The listing below must be returned in full and unchanged, without the images it carries.

Given material:
———

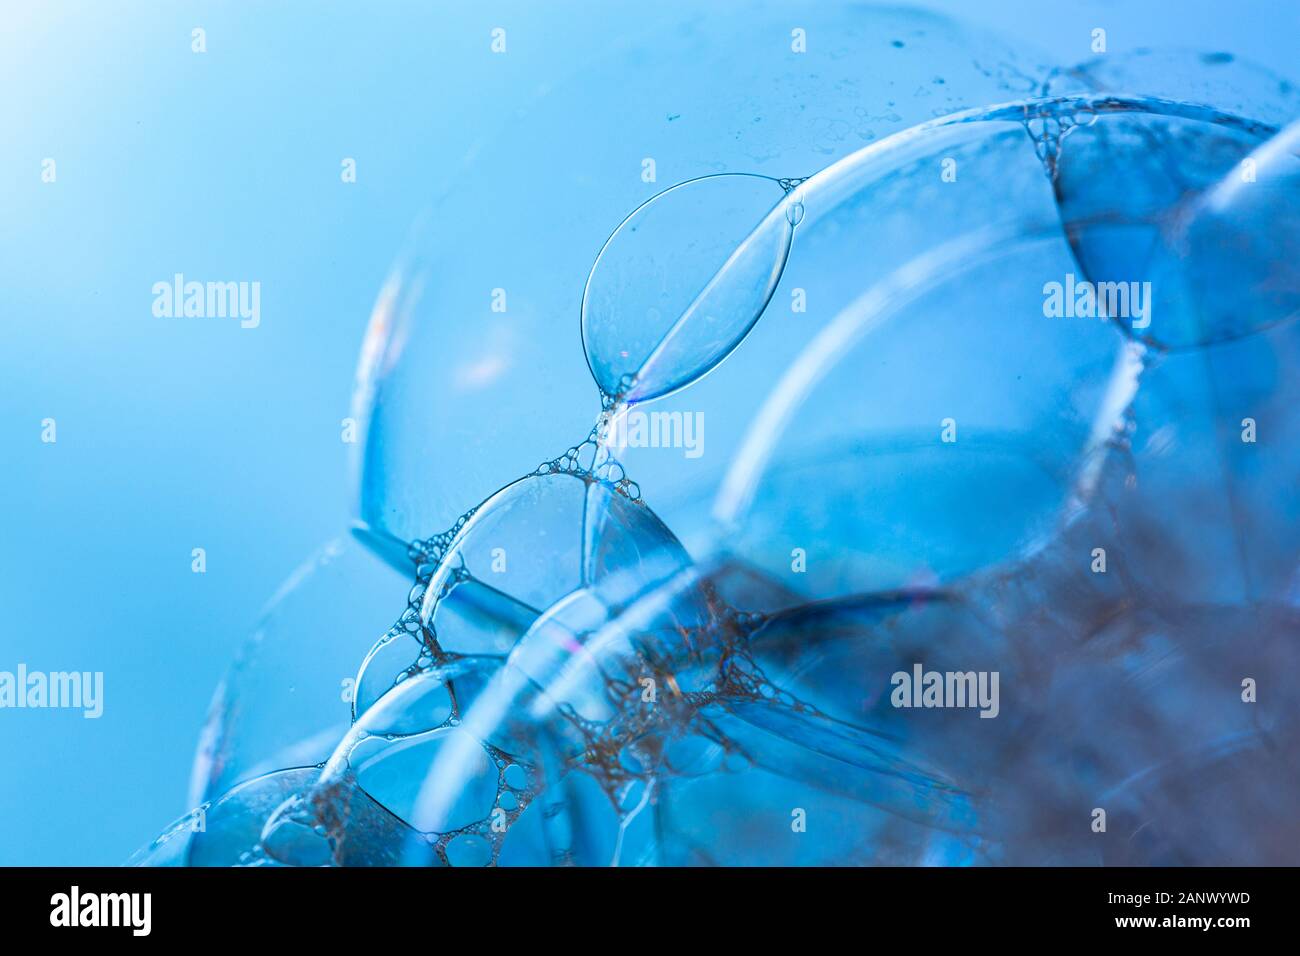 Kreative Zusammenfassung Hintergrund der Kette von Bläschen Struktur in hellen Blautönen gemacht Stockfoto
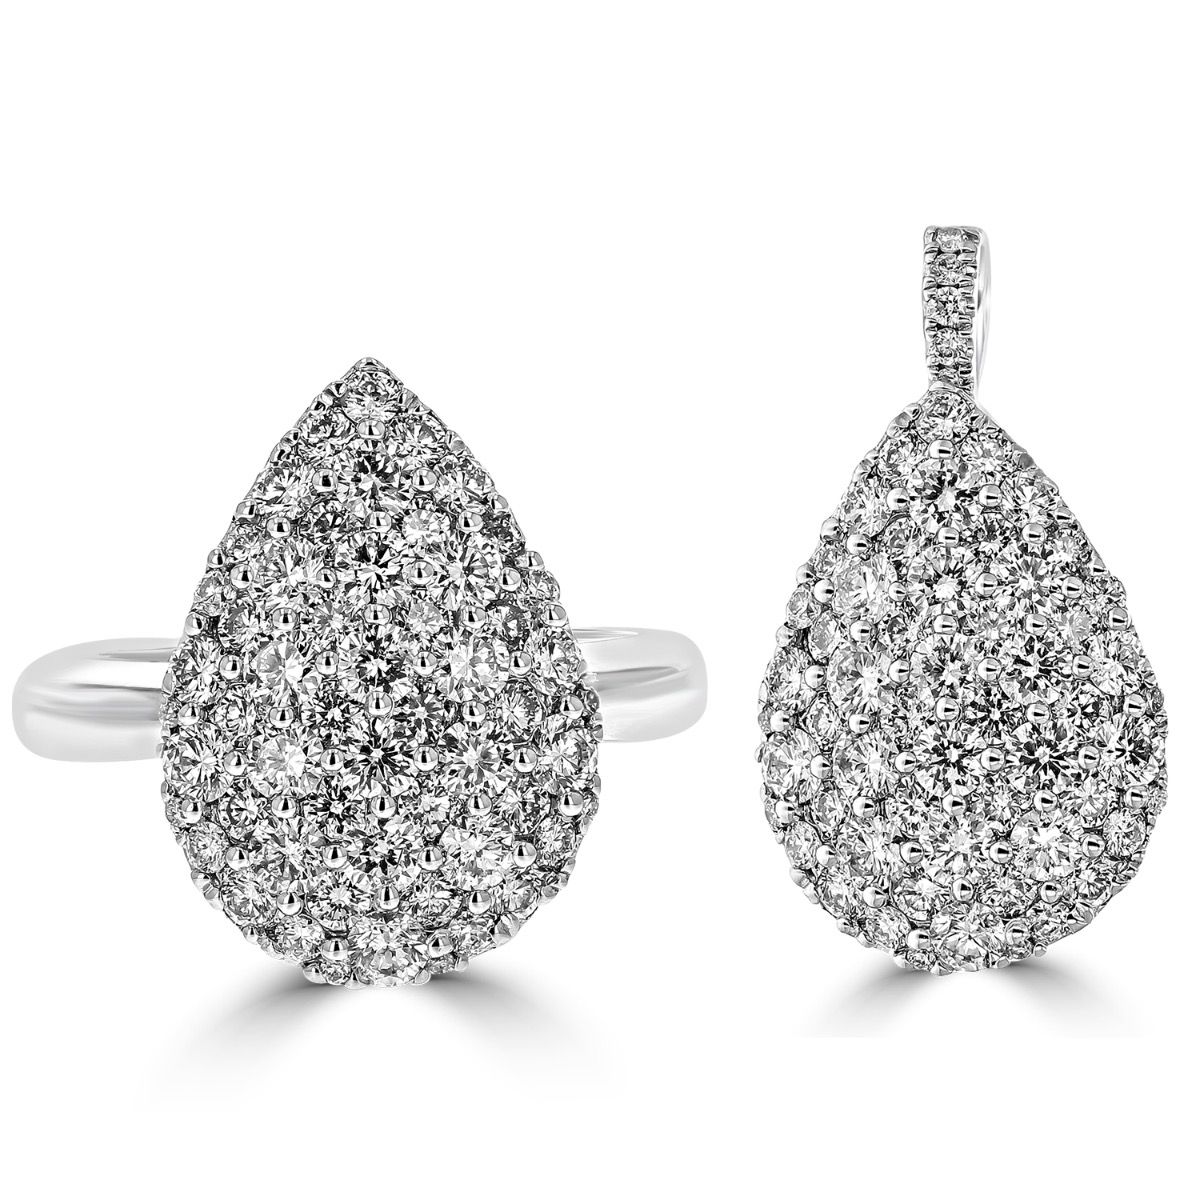 14KT WHITE GOLD 2.07 CTW DIAMOND EVOLVING PEAR SHAPE RING AND PENDANT 4 / Diamond Pendants,4.5 / Diamond Pendants,5 / Diamond Pendants,5.5 / Diamond Pendants,6 / Diamond Pendants,6.5 / Diamond Pendants,7 / Diamond Pendants,7.5 / Diamond Pendants,8 / Diamond Pendants,8.5 / Diamond Pendants,9 / Diamond Pendants,4 / Diamond Rings,4.5 / Diamond Rings,5 / Diamond Rings,5.5 / Diamond Rings,6 / Diamond Rings,6.5 / Diamond Rings,7 / Diamond Rings,7.5 / Diamond Rings,8 / Diamond Rings,8.5 / Diamond Rings,9 / Diamond
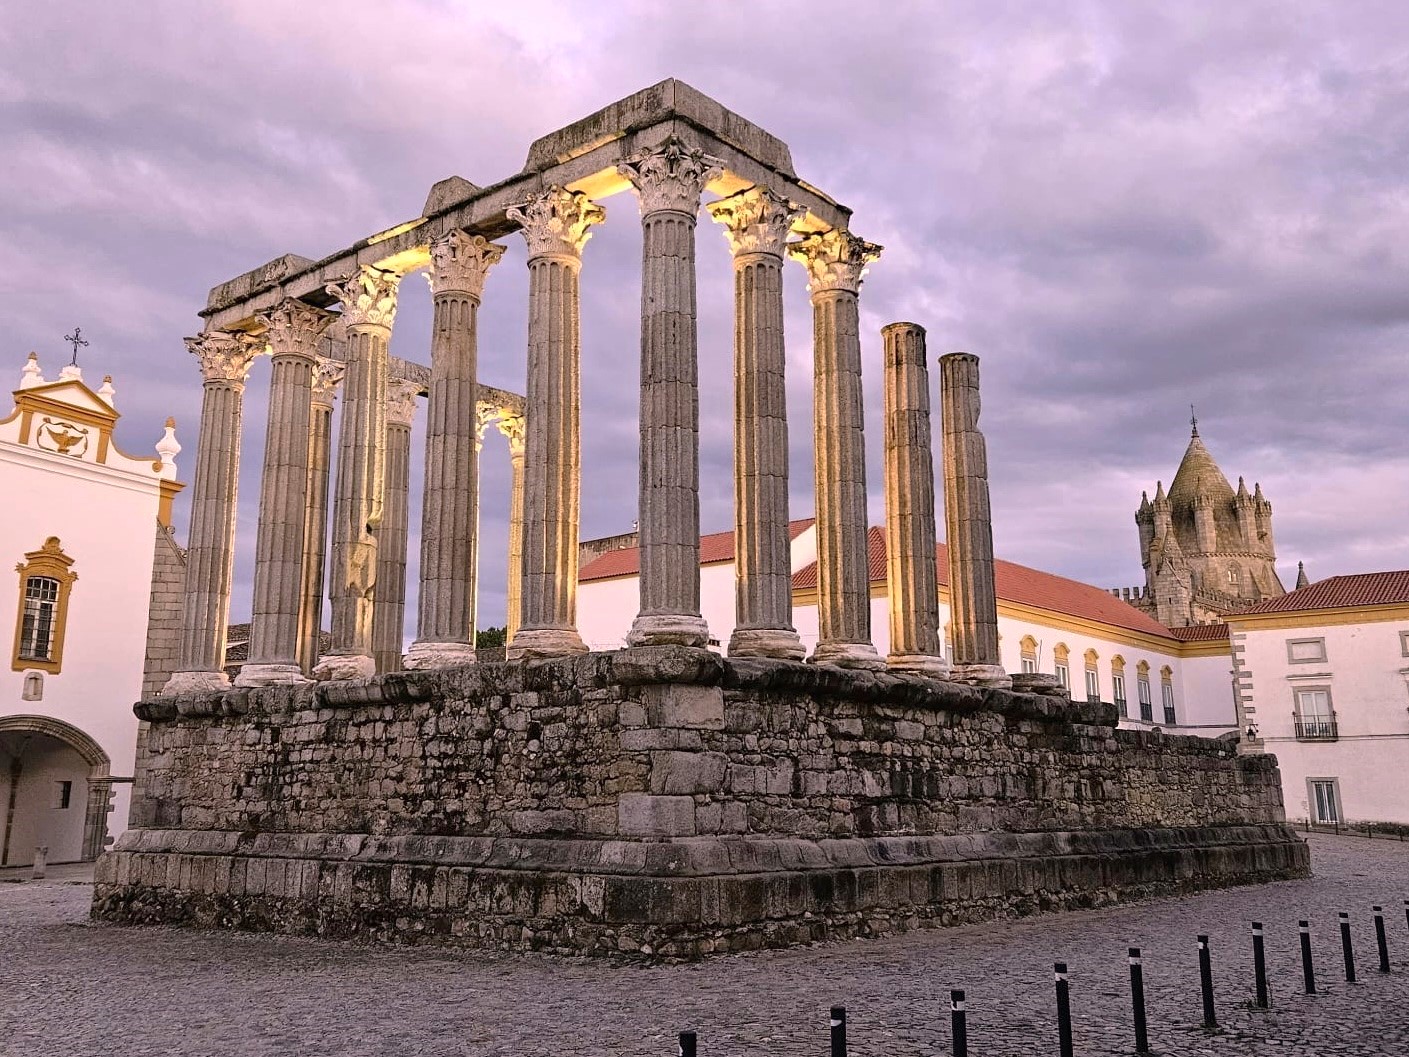 1177 - Tempio romano di Evora - Portogallo

———

Output for this task:
 Kreative Zusammenfassung Hintergrund der Kette von Bläschen Struktur in hellen Blautönen gemacht Stockfoto
 14KT WHITE GOLD 2.07 CTW DIAMOND EVOLVING PEAR SHAPE RING AND PENDANT 4 / Diamond Pendants,4.5 / Diamond Pendants,5 / Diamond Pendants,5.5 / Diamond Pendants,6 / Diamond Pendants,6.5 / Diamond Pendants,7 / Diamond Pendants,7.5 / Diamond Pendants,8 / Diamond Pendants,8.5 / Diamond Pendants,9 / Diamond Pendants,4 / Diamond Rings,4.5 / Diamond Rings,5 / Diamond Rings,5.5 / Diamond Rings,6 / Diamond Rings,6.5 / Diamond Rings,7 / Diamond Rings,7.5 / Diamond Rings,8 / Diamond Rings,8.5 / Diamond Rings,9 / Diamond
 1177 - Tempio romano di Evora - Portogallo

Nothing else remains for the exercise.